Suggestions for the Results Section
Conduct the appropriate analyses on your data and present your findings in paragraph form with the aid of graphs and/or tables as needed. Typically, for this type of experiment one would report:
- Determination of threshold voltage
- The maximum CAP amplitude
- Determination of the refractory period
- Calculation of conduction velocity
- Sensitivity of conduction velocity on Temperature (with Q10)
- Threshold voltage for forward vs reverse stimulation (bidirectionality)
- Stimulus strength vs. duration relationship
Questions for Thought:
- How does a CAP differ from a single action potential? Would you see any differences in your data between the two?
- What is the cause of the relative refractory period? Briefly describe the cellular events that occur during the refractory period (Hint: Discuss the mechanism of repolarization). Explain the difference between the relative and absolute refractory periods. What evidence do you see of these phenomena in your data?
- Action potentials are said to be “all or none” responses. Why does the toad sciatic nerve give what looks like a graded response?
- What was the smallest voltage required to produce the maximum CAP? What proportion of the nerve fibers was excited to produce this response?
- Based on your calculation for CAP conduction velocity, how long would it take the CAP to travel the length of the sciatic nerve? Assume a total length of 10 cm. How could this be important for the animal?
- How does the temperature sensitivity of nerve conduction velocity compare to other physiological processes in the toad? If there is a difference, what are possible mechanisms that might cause the differences?

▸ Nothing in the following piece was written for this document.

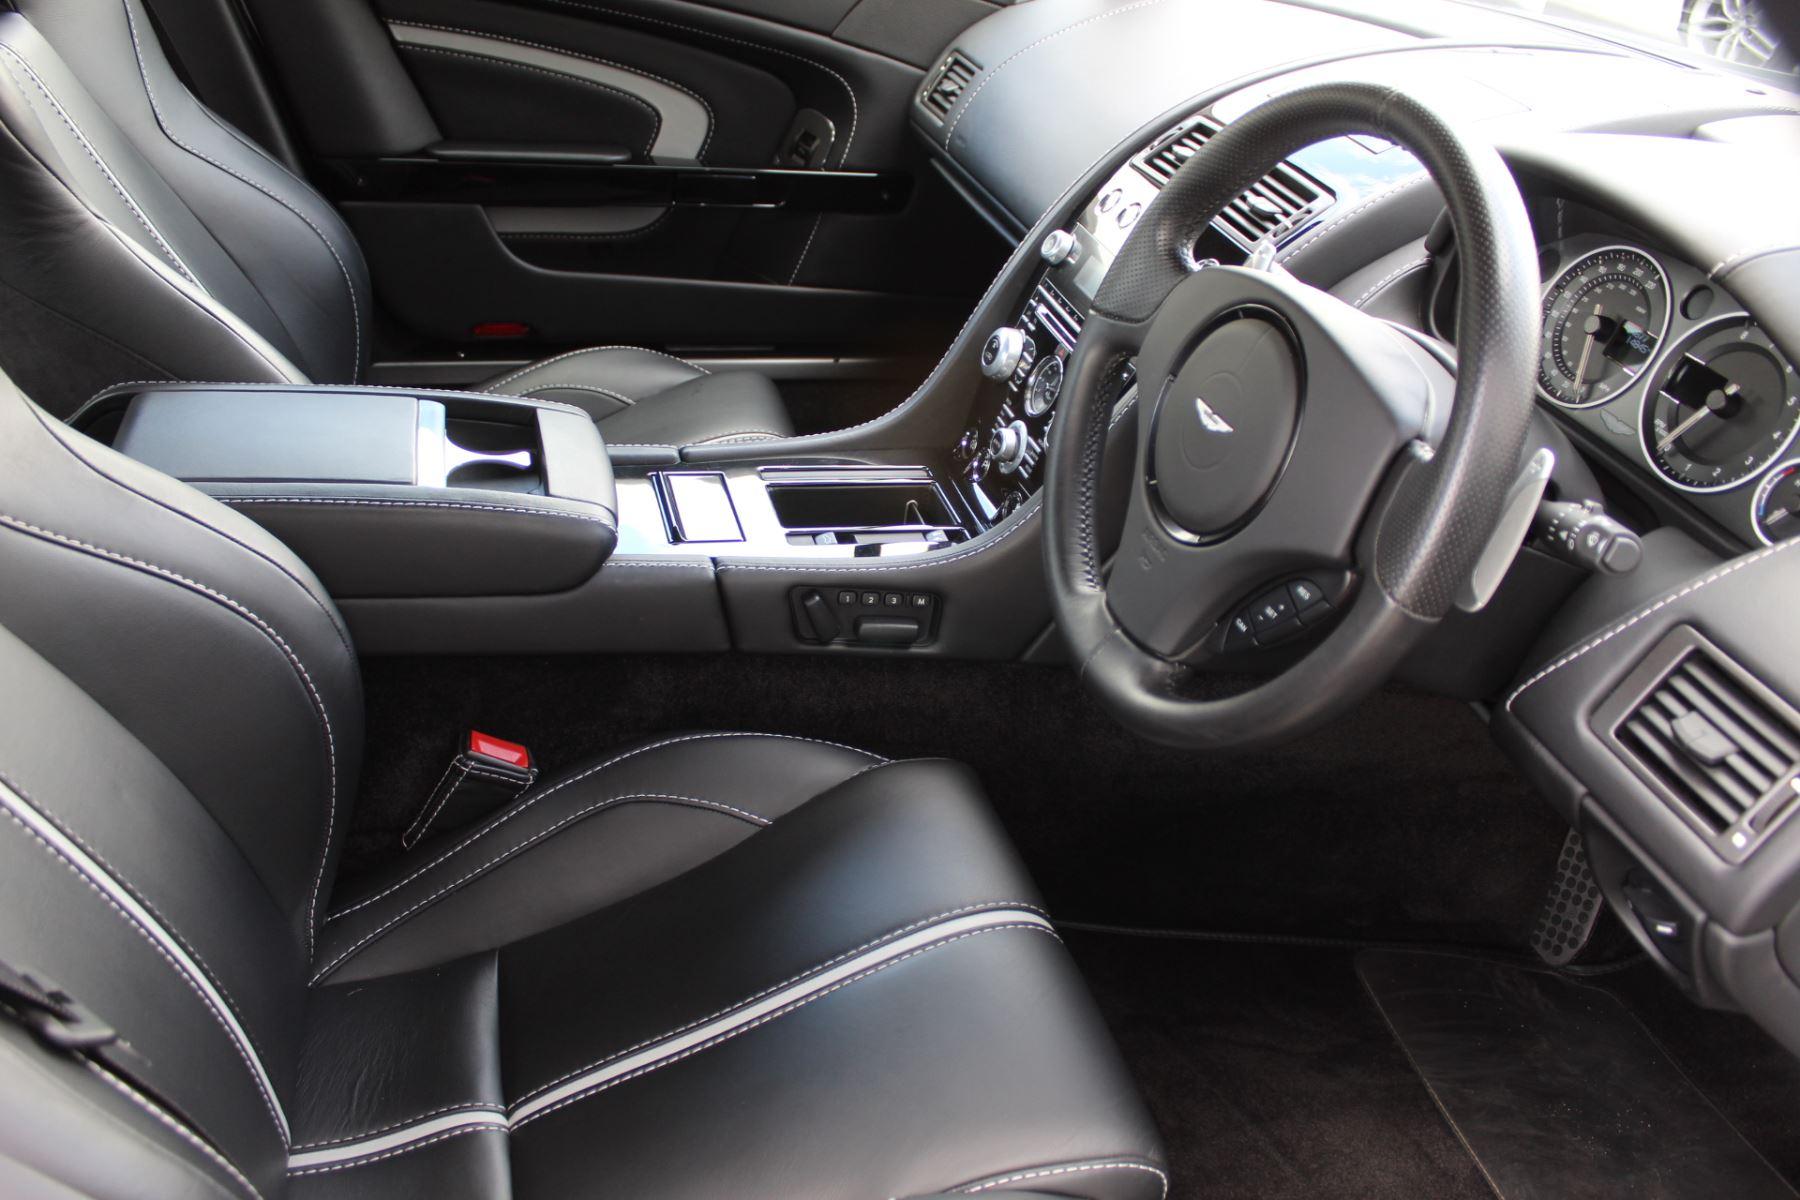 Aston Martin V12 Vantage S Coupe S 2dr Sportshift III image 11

Hint: You have already determined Q10 for cardiac (muscle) function in the toad.
- Why were you still able to elicit a CAP after reversing the direction of stimulation? How did the appearance of the frog CAP change in comparison to when it was in its original orientation? How do you explain this?
- What is happening in the nerve at the voltage-duration combinations that you are identifying as threshold? (Strength-duration experiment)
- Based on what you learned, what are the major factors involved in signal propagation through peripheral nerves in the toad? In vertebrates generally?
After Lab:
- This will be a group lab report.
- Please divide the work of writing the report by experiment, so that each person benefits from the experience of writing the intro, methods, results, and discussion. This will also ensure that the ideas are better connected between sections.
- Please think about effective figures for this interesting lab, and the results will jump out at you. It will also be easier to write the discussion.
- Please remember to include respective contributions.